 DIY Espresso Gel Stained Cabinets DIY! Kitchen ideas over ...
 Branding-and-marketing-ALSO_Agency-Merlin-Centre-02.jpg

==

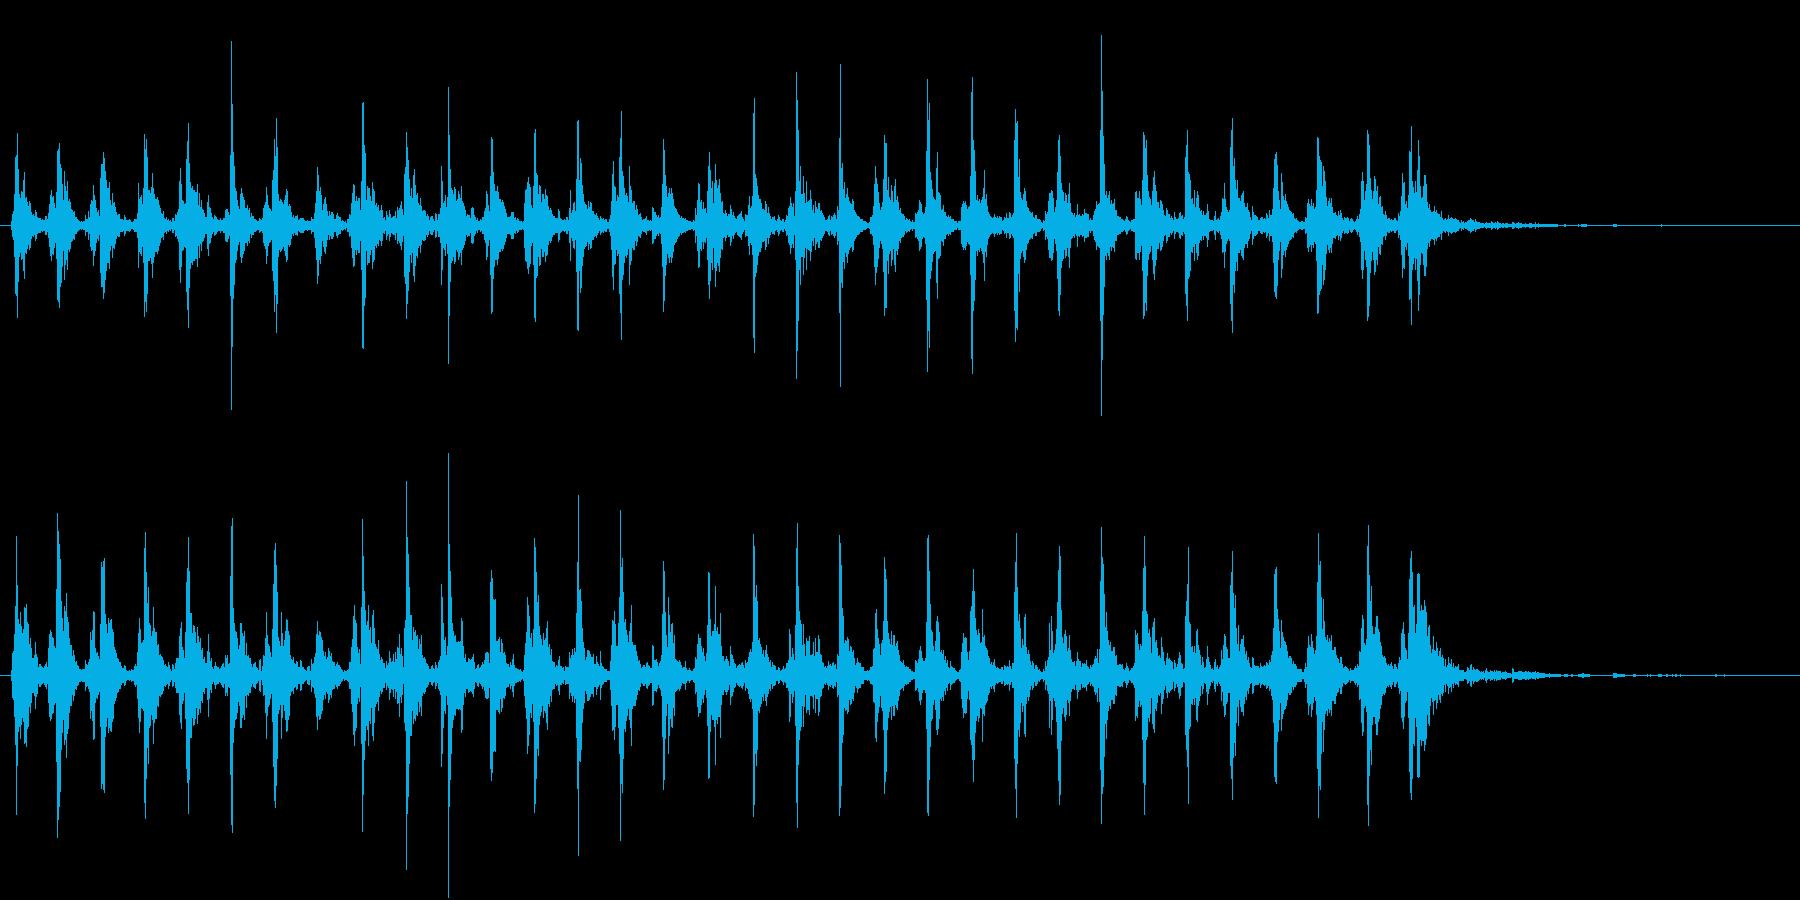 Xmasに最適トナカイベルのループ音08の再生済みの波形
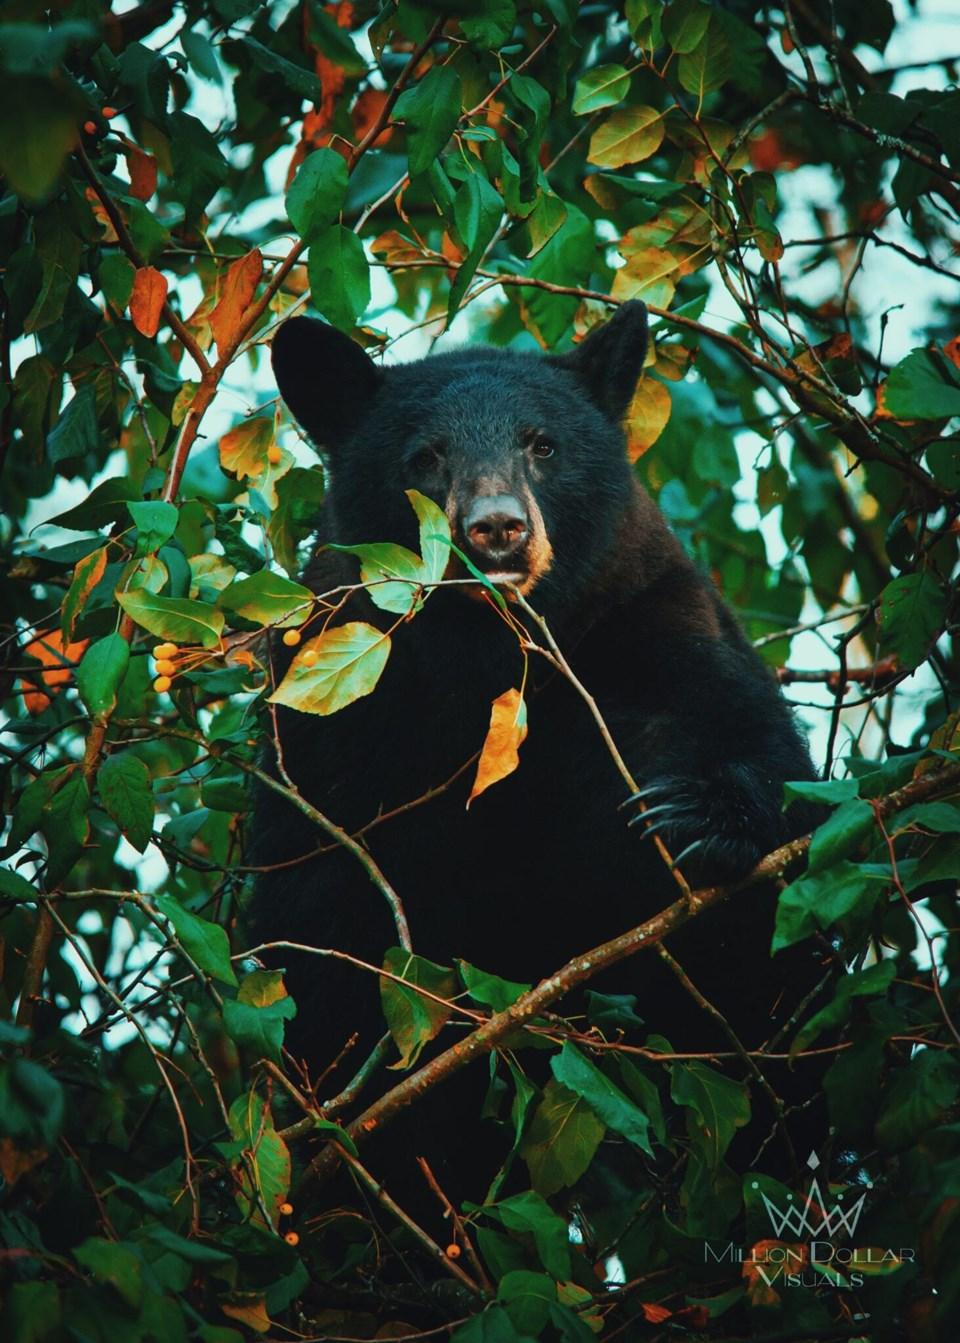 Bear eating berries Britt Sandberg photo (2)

---

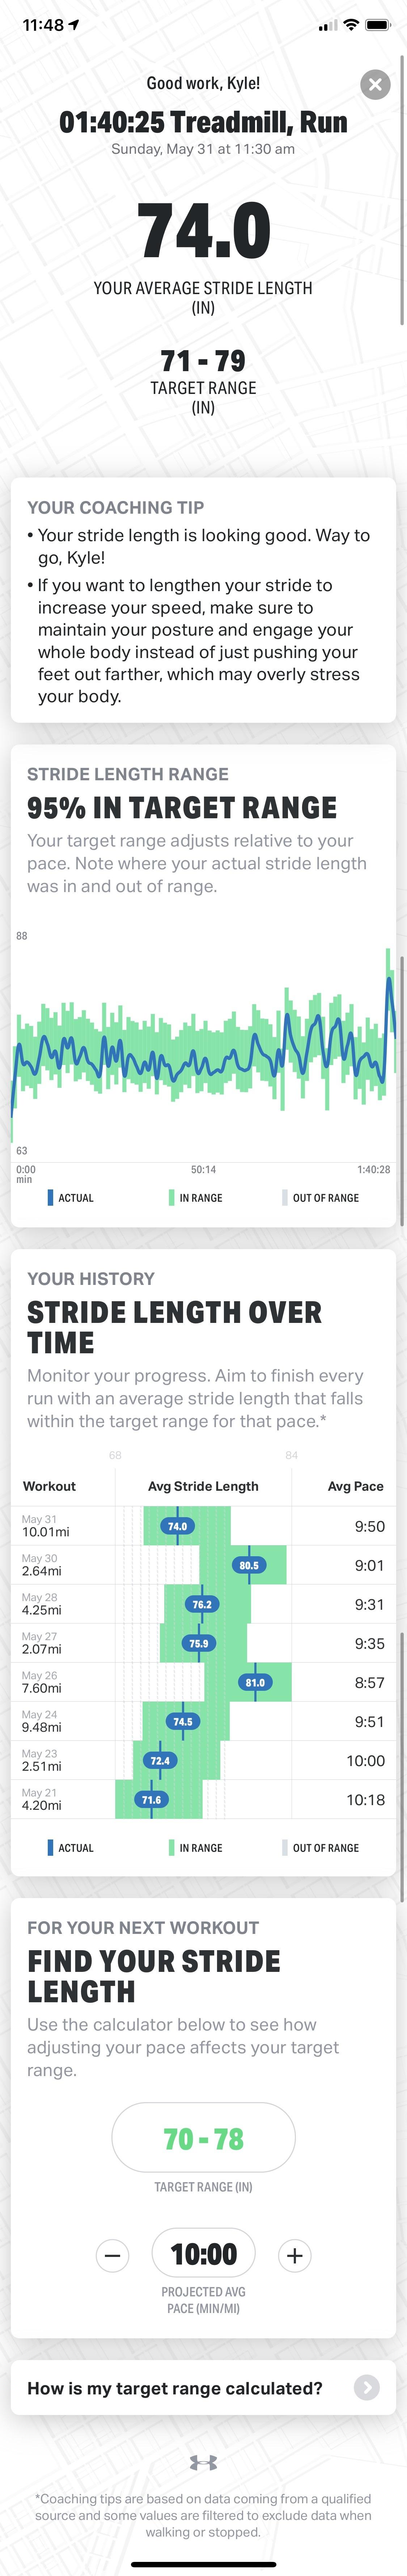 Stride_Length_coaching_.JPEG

WORK ORDER -> Restate word for word only the lines above from the line containing "DIY Espresso Gel" to the line containing "Branding-and-marketing-ALSO_Agency-Merlin-Centre-02.jpg", both of them included.

OUTPUT OF THE TASK ->
 DIY Espresso Gel Stained Cabinets DIY! Kitchen ideas over ...
 Branding-and-marketing-ALSO_Agency-Merlin-Centre-02.jpg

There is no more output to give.